N.B. For civil gas masks, protective and decontamination equipment, see also entry 1A004 on the EU Dual-Use List.
g. Equipment specially designed or modified for military use designed or modified for the detection or identification of materials specified by ML7.a., ML7.b. or ML7.d., and specially designed components therefor;
Note ML7.g. does not apply to personal radiation monitoring dosimeters.
N.B. See also entry 1A004 on the EU Dual-Use List.

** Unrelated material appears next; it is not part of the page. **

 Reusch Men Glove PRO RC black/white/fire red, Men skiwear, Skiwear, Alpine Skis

h. “Biopolymers” specially designed or processed for the detection or identification of CW agents specified by ML7.b., and the cultures of specific cells used to produce them;
i. “Biocatalysts” for the decontamination or degradation of CW agents, and biological systems therefor, as follows:
1. “Biocatalysts” specially designed for the decontamination or degradation of CW agents specified by ML7.b. resulting from directed laboratory selection or genetic manipulation of biological systems;
2. Biological systems as follows: “expression vectors”, viruses or cultures of cells, containing the genetic information specific to the production of “biocatalysts” specified by ML7.i.1.

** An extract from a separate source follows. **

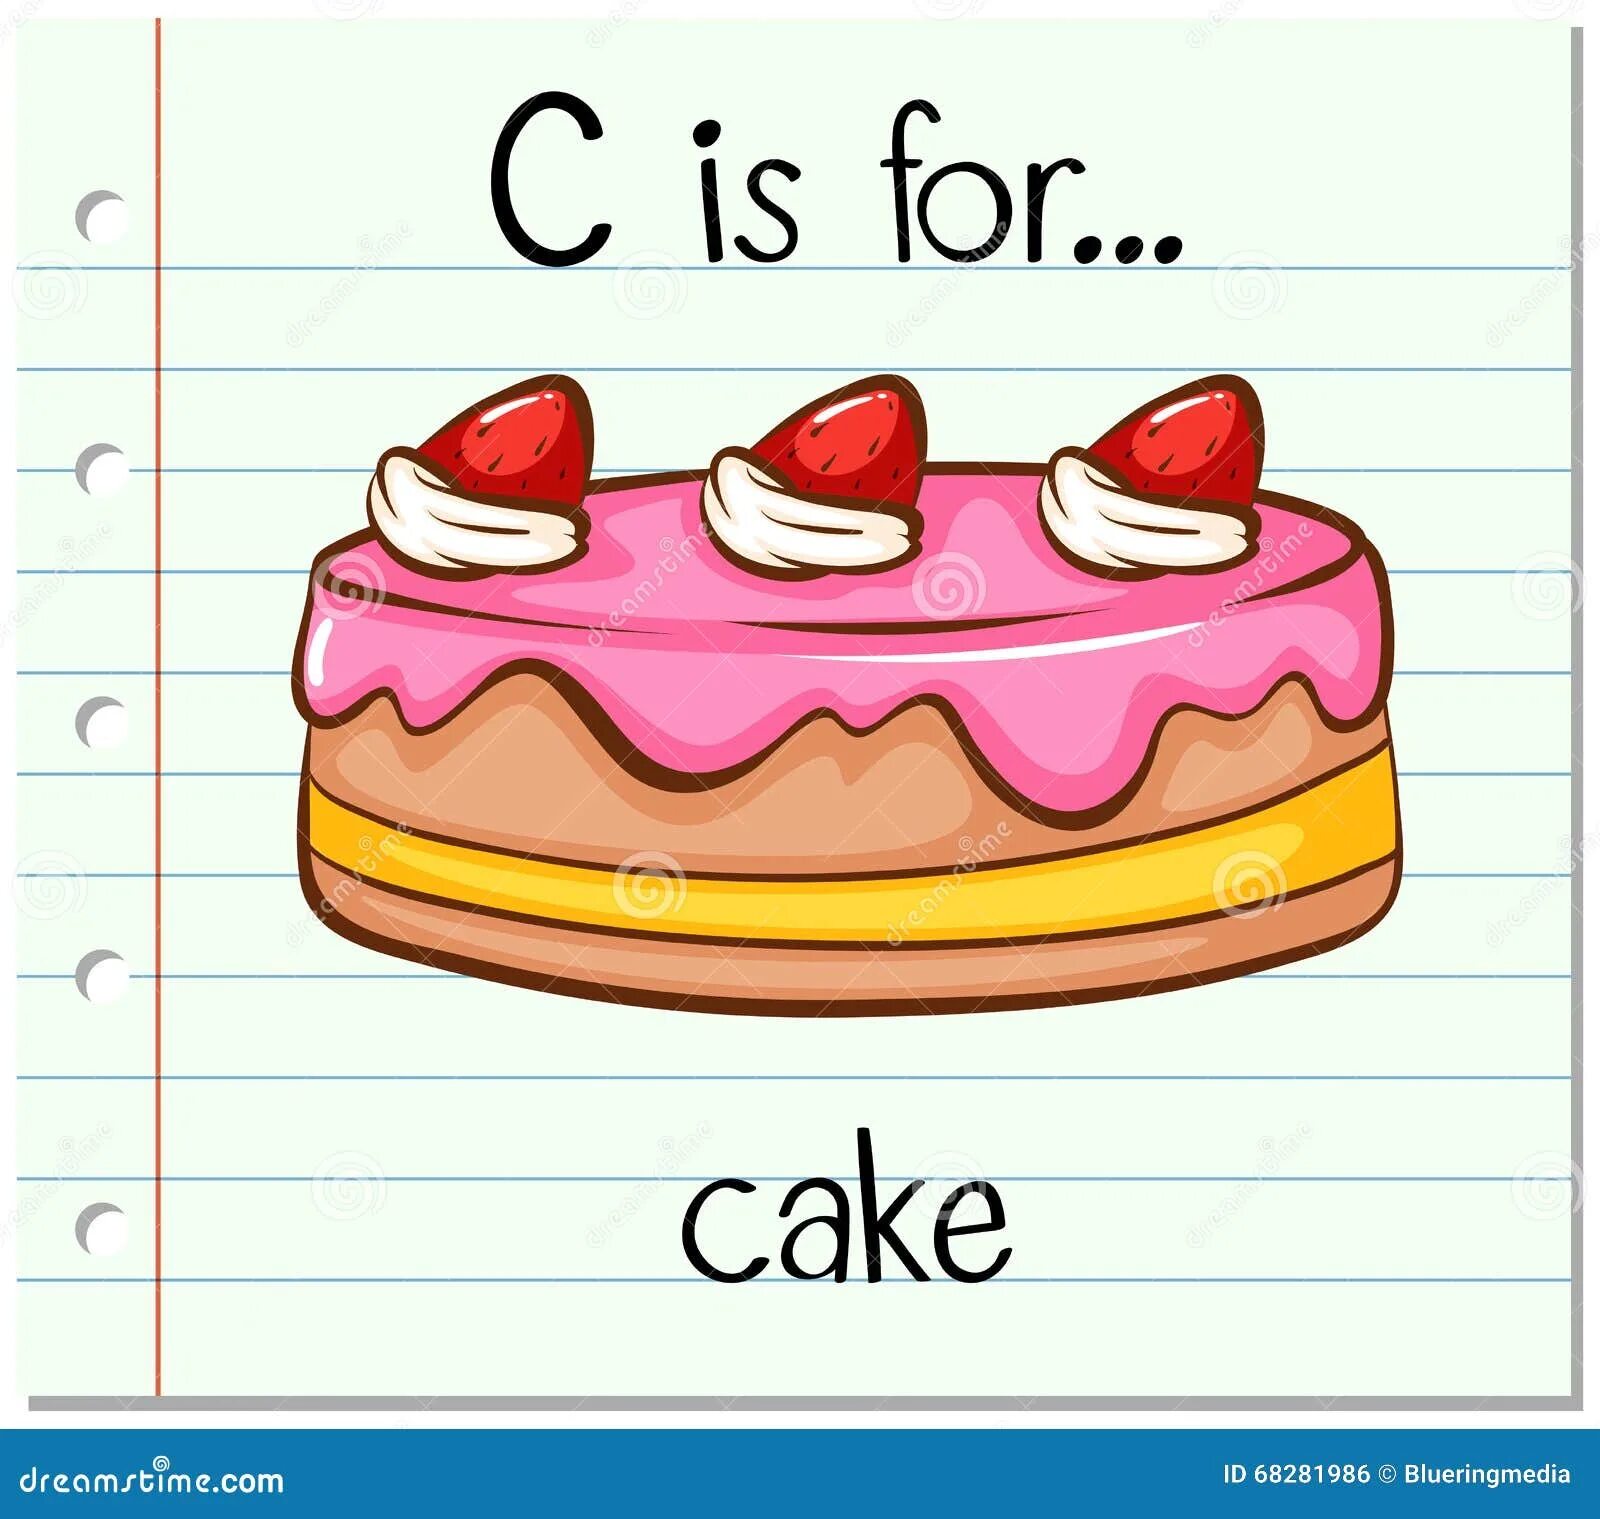 Английские слова cake. Cake карточка на английском. Картинка торт на английском. Карточки на английском для детей Cake. Торт для детей на английском языке.

Note 1 ML7.b. and ML7.d. do not apply to the following:
a. Cyanogen chloride (CAS 506-77-4). See 1C450.a.5. on the EU Dual-Use List;
b. Hydrocyanic acid (CAS 74-90-8);
c. Chlorine (CAS 7782-50-5);
d. Carbonyl chloride (phosgene) (CAS 75-44-5). See 1C450.a.4. on the EU Dual-Use List;
e. Diphosgene (trichloromethyl-chloroformate) (CAS 503-38-8);
f. Not used since 2004;
g. Xylyl bromide, ortho: (CAS 89-92-9), meta: (CAS 620-13-3), para: (CAS 104-81-4);
h. Benzyl bromide (CAS 100-39-0);
i. Benzyl iodide (CAS 620-05-3);
j. Bromo acetone (CAS 598-31-2);
k. Cyanogen bromide (CAS 506-68-3);
l. Bromo methylethylketone (CAS 816-40-0);
m. Chloro acetone (CAS 78-95-5);
n. Ethyl iodoacetate (CAS 623-48-3);
o. Iodo acetone (CAS 3019-04-3);
p. Chloropicrin (CAS 76-06-2). See 1C450.a.7. on the EU Dual-Use List.

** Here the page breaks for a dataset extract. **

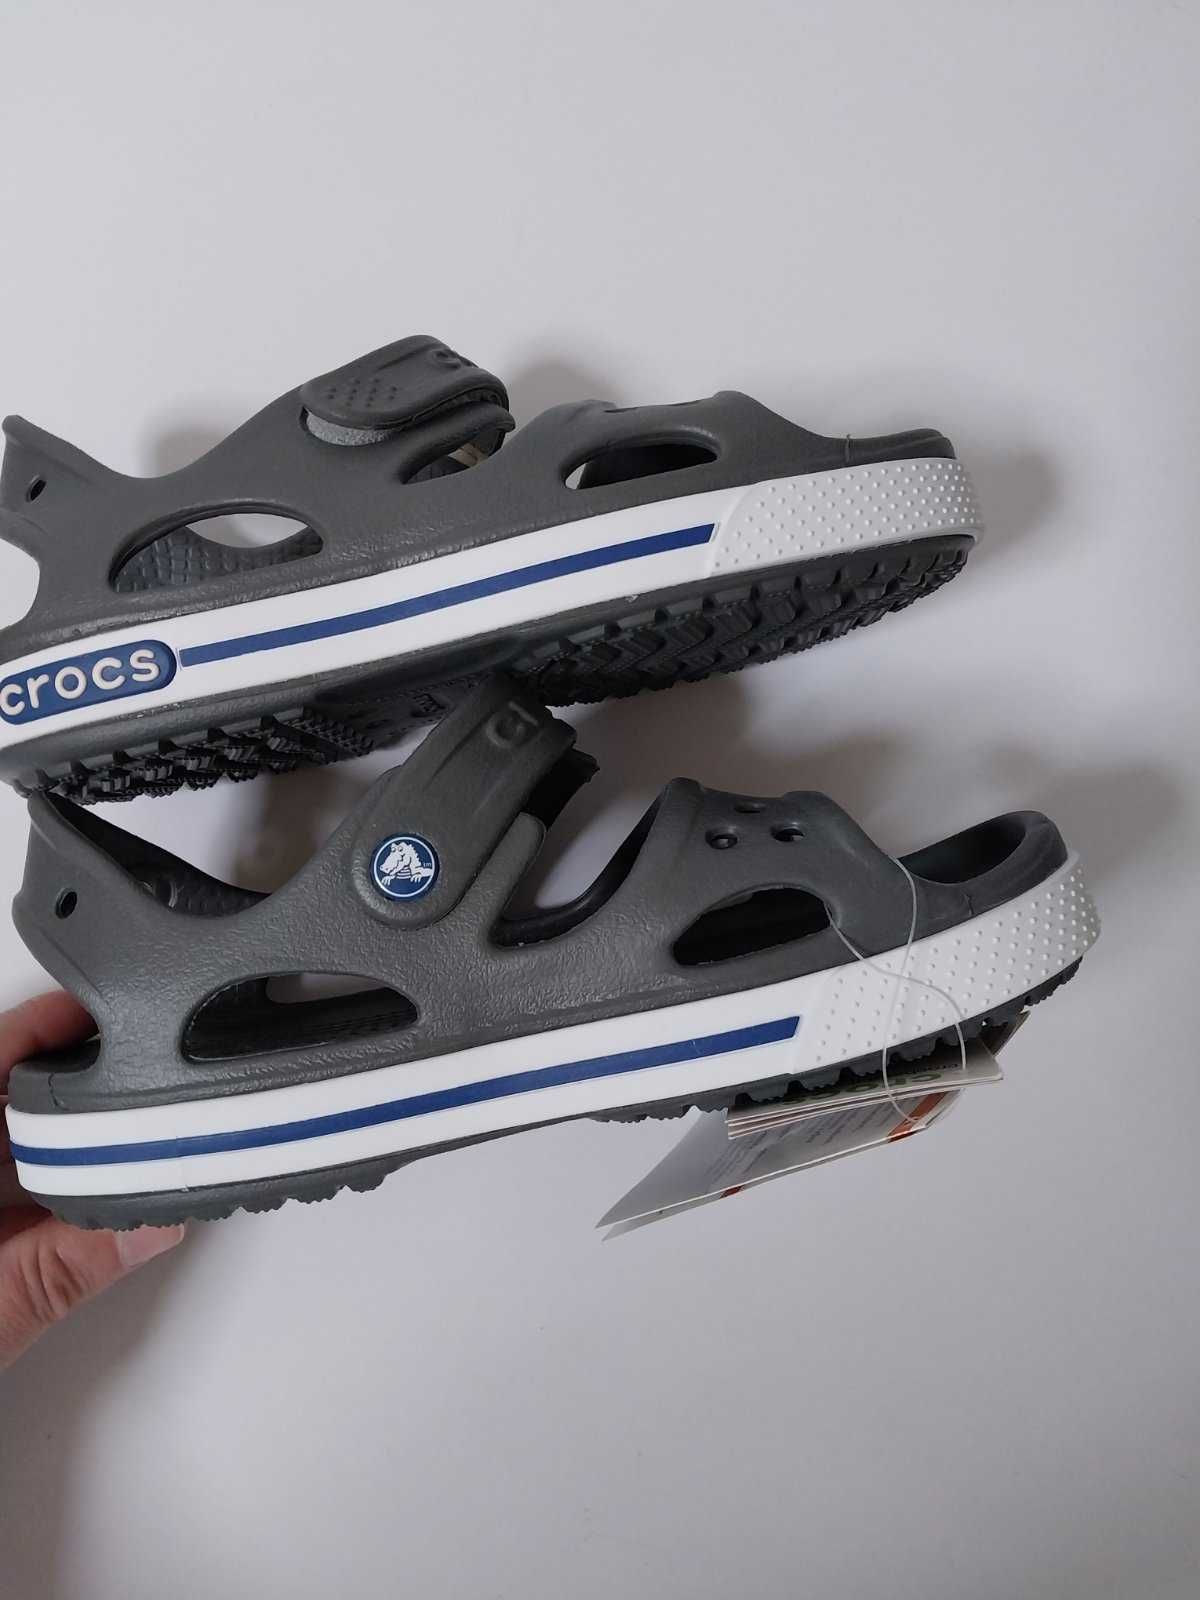 Сандалі Crocs Crocsband II sandal J1 (32-33 євро) босоніжки, сандалии

Note 2 The cultures of cells and biological systems specified by ML7.h. and ML7.i.2. are exclusive and these sub-items do not apply to cells or biological systems for civil purposes, such as agricultural, pharmaceutical, medical, veterinary, environmental, waste management, or in the food industry.
ML8 “Energetic materials”, and related substances, as follows:
N.B.1. See also 1C011 on the EU Dual-Use List.
N.B.2. For charges and devices, see ML4 and 1A008 on the EU Dual-Use List
1. For the purposes of ML8, mixture refers to a composition of two or more substances with at least one substance being listed in the ML8 sub-items.
2. Any substance listed in the ML8 sub-items is subject to this list, even when utilised in an application other than that indicated. (e.g. TAGN is predominantly used as an explosive but can also be used either as a fuel or an oxidizer.)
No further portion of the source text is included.